Поколение историков, вдохновлявшихся идеями Карла Маркса (см. главу 5), искало ответ в классовой борьбе. Причины революции искали в неурожаях, растущей цене хлеба и обидах санкюлотов – слоя, при старом режиме наиболее близкого к пролетариату. Но марксистские интерпретации оказались несостоятельными из-за многочисленных свидетельств того, что буржуазия не вела классовой войны с аристократией. Скорее это нотабли – отчасти буржуа, отчасти аристократы – совершили революцию. Гораздо более тонкая интерпретация была предложена интеллектуалом-аристократом Алексисом де Токвилем, две главные работы которого, “Демократия в Америке” (1835) и “Старый режим и революция” (1856), дают прекрасный ответ на вопрос, почему Франция не стала Америкой. Де Токвиль полагает, что существует 5 фундаментальных отличий между этими обществами и, следовательно, между революциями. Во-первых, Франция была централизованным государством, тогда как Америка была по своей природе федерацией, с деятельными ассамблеями и гражданским обществом. Во-вторых, французы предпочитали ставить “общую волю” выше буквы закона. Этой тенденции сопротивлялся могущественный цех юристов Америки. В-третьих, французские революционеры нападали на религию и церковь, а американское сектантство обеспечило им защиту от светских властей. (Де Токвиль был скептиком, но он лучше многих понимал социальное значение религии.) В-четвертых, французы отдали слишком большую власть безответственным интеллектуалам, тогда как в Америке безраздельно властвовали люди практического склада. Наконец, и это наиболее важно для де Токвиля, французы ставили равенство выше свободы. В конечном счете они предпочли Руссо Локку.
В главе XIII “Демократии в Америке” де Токвиль точно подметил[374], что
с первого дня своего рождения житель США уясняет, что в борьбе со злом и в преодолении жизненных трудностей нужно полагаться на себя; к властям он относится недоверчиво и с беспокойством, прибегая к их помощи только в том случае, когда совсем нельзя без них обойтись… В Америке свобода создавать политические организации неограниченна… политические объединения, способные пресекать деспотизм партий или произвол правителя, особенно необходимы в странах с демократическим режимом[375].

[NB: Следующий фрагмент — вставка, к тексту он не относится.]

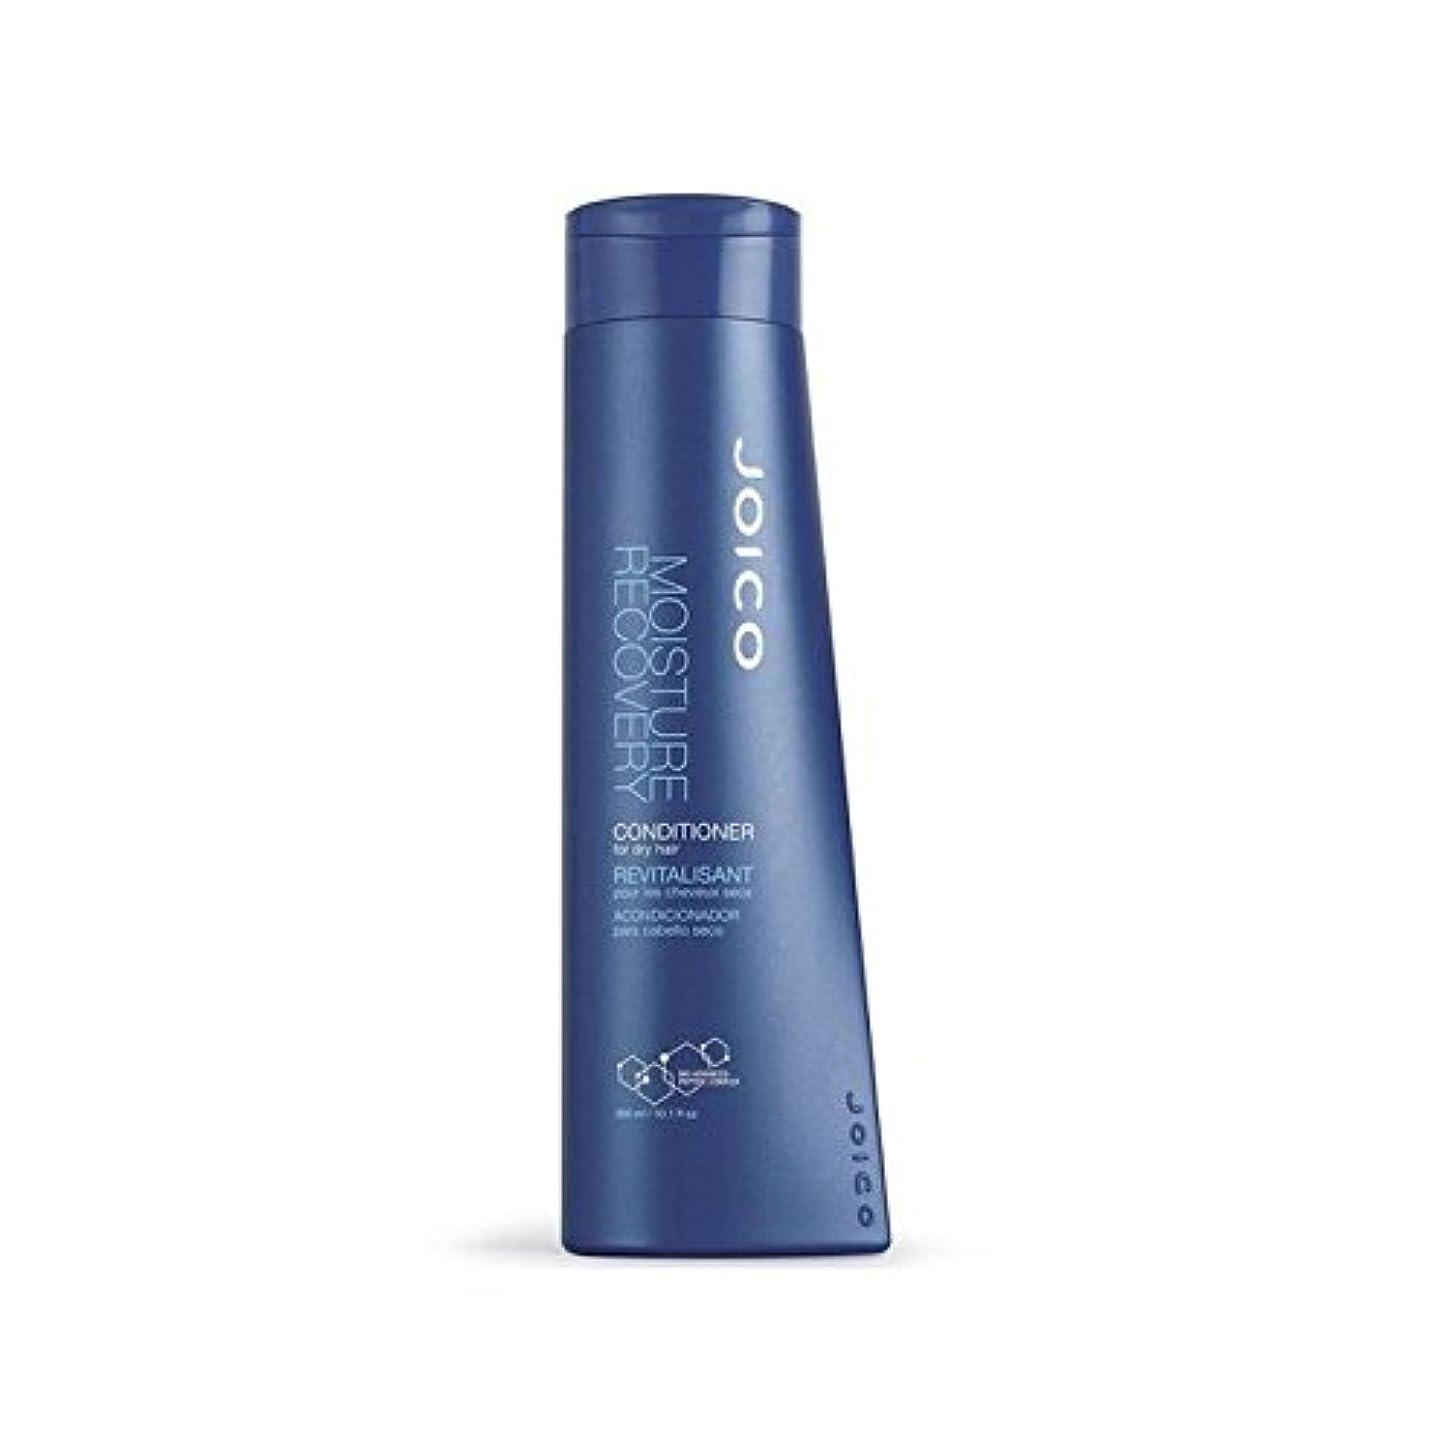 Joico Moisture Recovery Conditioner 300ml - ジョイコ水分回復コンディショナー300ミリリットル [並行輸入品]
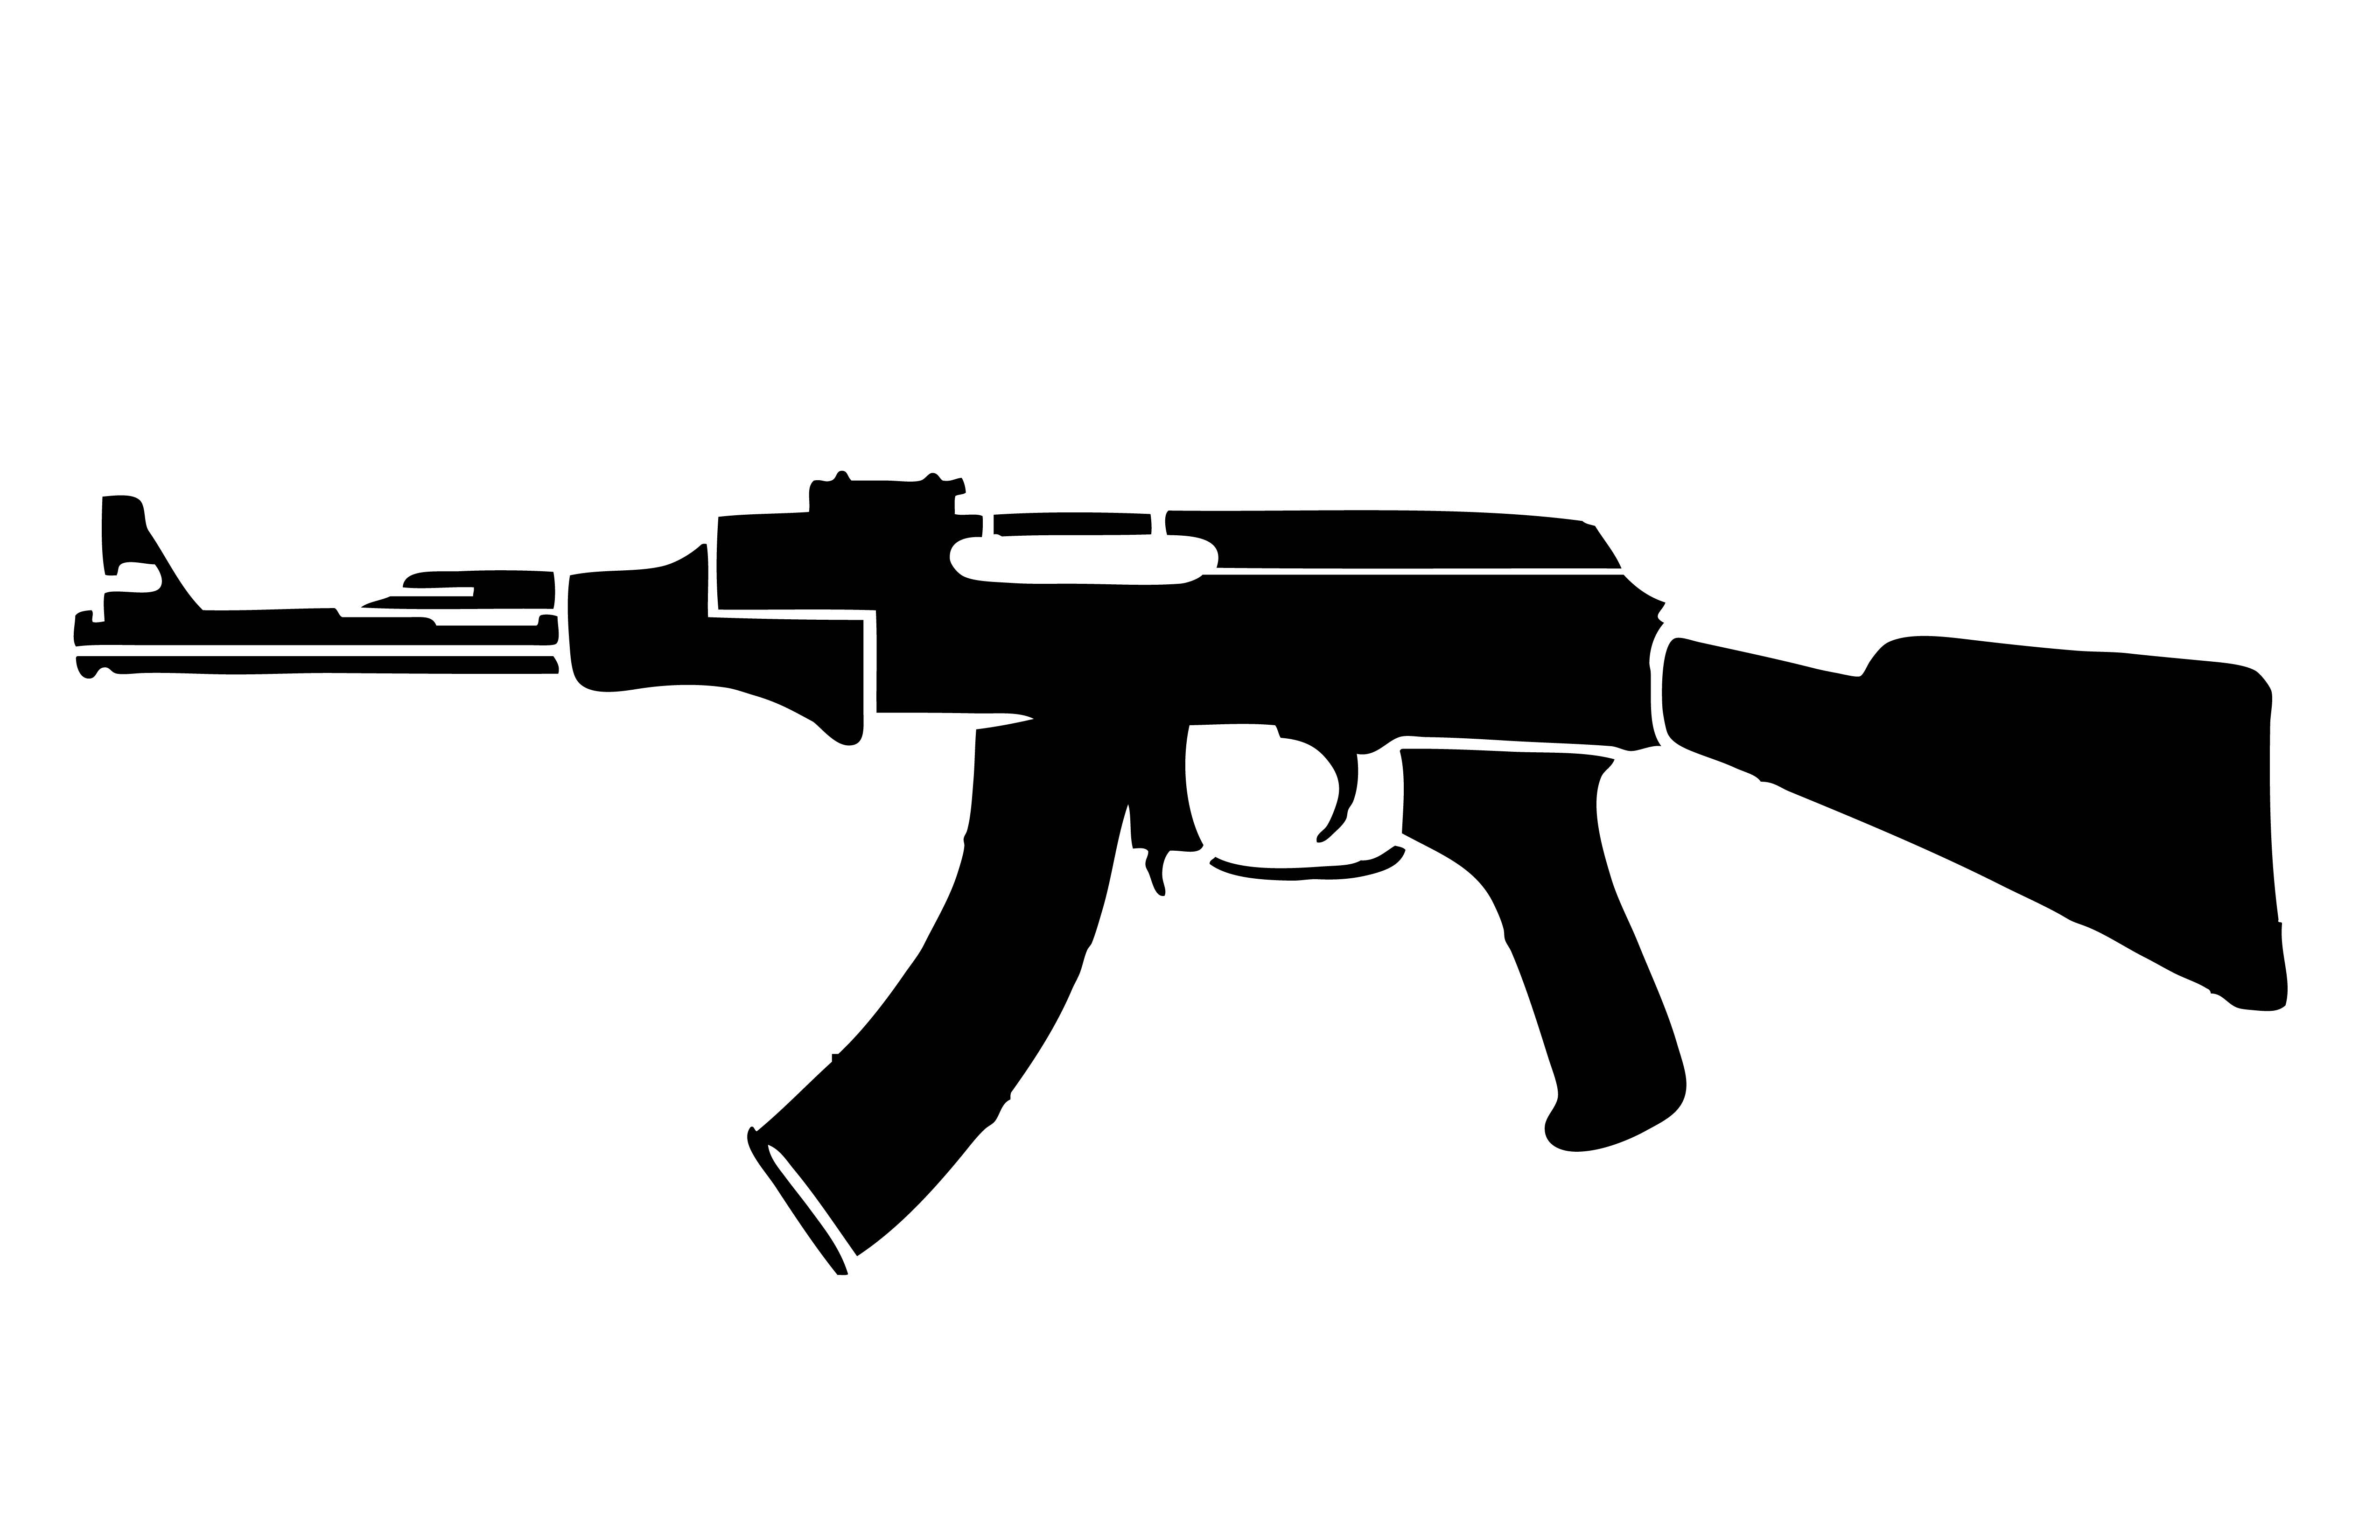 Ak 47 Stencil Original By Car54 On Deviantart

Слабость французского гражданского общества была основной причиной того, что французские республики нарушали права личности и вырождались в тиранию. Но де Токвиль добавил и шестой пункт:
У нас же в характере, ко всему прочему, заложен такой боевой дух, что мы считаем для себя почетным умереть с оружием в руках, принимая участие в любом безрассудном событии, вплоть до такого, которое может потрясти основы государственной власти[376].
Это, конечно, самое серьезное различие между двумя революциями. Обе должны были вести войну, чтобы выжить. Но война, которую должны были вести французские революционеры, была и масштабнее, и дольше. Это определяло остальные различия.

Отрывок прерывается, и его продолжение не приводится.